Unless otherwise noted, the time frame for these observations is from March 16 through May 5, 2020.
How I’m experiencing embodied, simmering rage through my senses:
Whether it is from the machinery and technology from which we cannot separate ourselves or the words we utter repeatedly to those who are like us -essentially singing to the choir - it is a cacophony of noise to me at this point. It feels intellectual, accusatory, soulless and often cruel and willfully ignorant. So I have found myself turning back to music. The music of my childhood - a simpler, more joyous time. I can easily move between Harold Melvin and the Blue Notes, Bill Withers, Jim Croce, Lynyrd Skynrd, Billy Joel and Janet Jackson singing every word of every song. In doing so the voices in my head are silenced - for a while.

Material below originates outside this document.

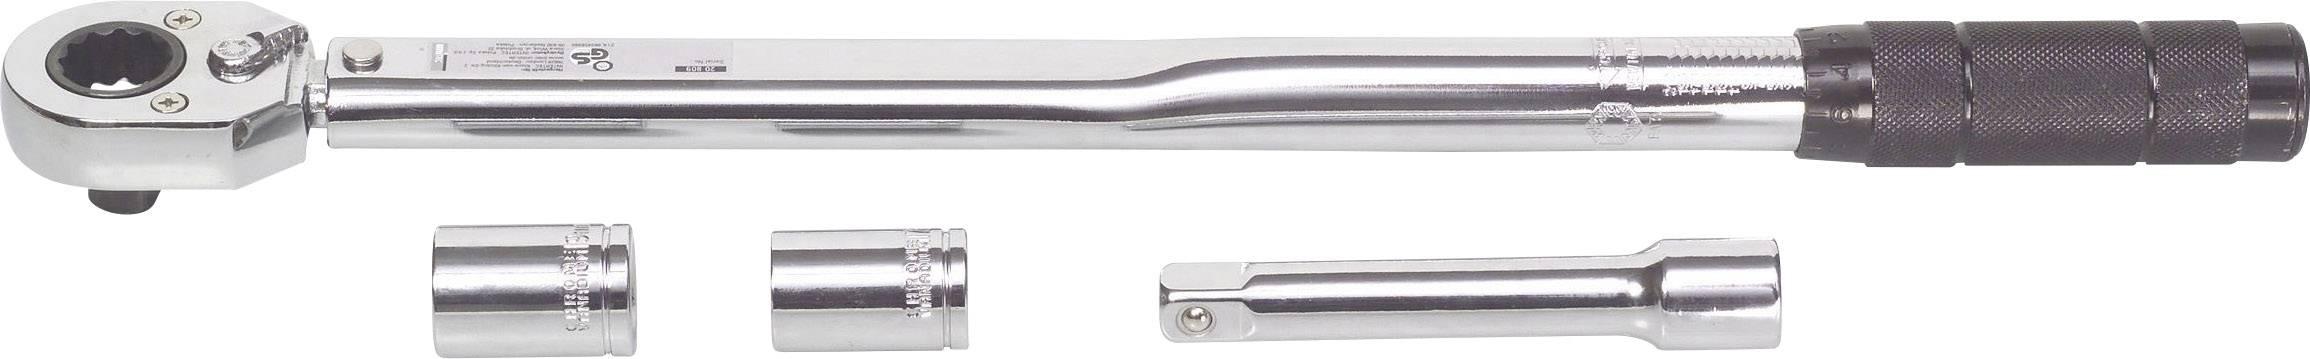 """Momentový klíč IWH 20809, 1/2"""" (12,5 mm), 28 - 210 Nm"""

I have been walking about 5 to 6 miles a day and my route, not unlike that of the bees, has become one where I seek flowers/blooms whose scents fill my whole body. Jasmine is intoxicating and if the wind is just right when I inhale I am enveloped and transported. I have a low resting heart rate - as I write this, it is at about 60 bpm - so I am pretty chill. And yet there is closeness in my chest that is constricting. The same with my core. It feels as if my abs are in a semi-constant state of partial crunch. I find that deep breaths loosen the tightness for a bit and allow me the deep, full-body breaths I need.
I find myself not wanting to look at humans (I have an incredibly high TV intake - in fact, I am watching Legacies while I write this - I love the supernatural). I quickly turn away from any images of groups of people, particularly if they are primarily White. Images of the current inhabitants of 1600 Pennsylvania (how they’re referred to in our home) and anyone else aligned with them cannot be moved away from quick enough. I understand how this United States was founded and I have watched an inordinate amount of WWII documentaries on Nazi Germany. I have seen this before.
I am drawn to nature. I am fascinated by the rhythms - comings and goings. I am looking at birds with renewed interest and awe. Their attunement to what is around them - whether it is safe is profound. They sense a predator species miles high and scatter long before it lands on the telephone pole. Bees are an indicator species - their behavior tells us much about our behavior. I find myself walking around my neighborhood looking for signs of bees as a reassurance that we have not completely destroyed our planet. When I hear their buzz, I stop and wait and if I wait long enough, I find the rosemary or the holly tree or whatever is blooming is filled with them. They pay me no mind. I find that assuring.
For someone as particular as I am about what I eat, I have no appetite. I don't crave what I used to crave. I often make a plate and halfway through I am done. I simply don't care.
I am a very tactile person. Chalk it up to attending an all-girls school during developmental years. If you have been within arms reach I have touched you. I find myself not wanting to touch and not wanting to be touched. And yet I have a desire to be physical in a way that frees my mind from the anger, sadness, hopefulness and critical thinking which are inextricably weaved together at this moment. I crave to feel and to be free to do so without feelings.
I offer these observations as one human clinging onto her hopes for humanity.
I invite each of us to remember and unleash our humanity in the work we need to do to make us worthy of this planet and each other.
My simmering rage both fuels and exhausts me. It keeps me alive with a deeper level of understanding in my body and in my soul not just in my head of what is at stake: Everything.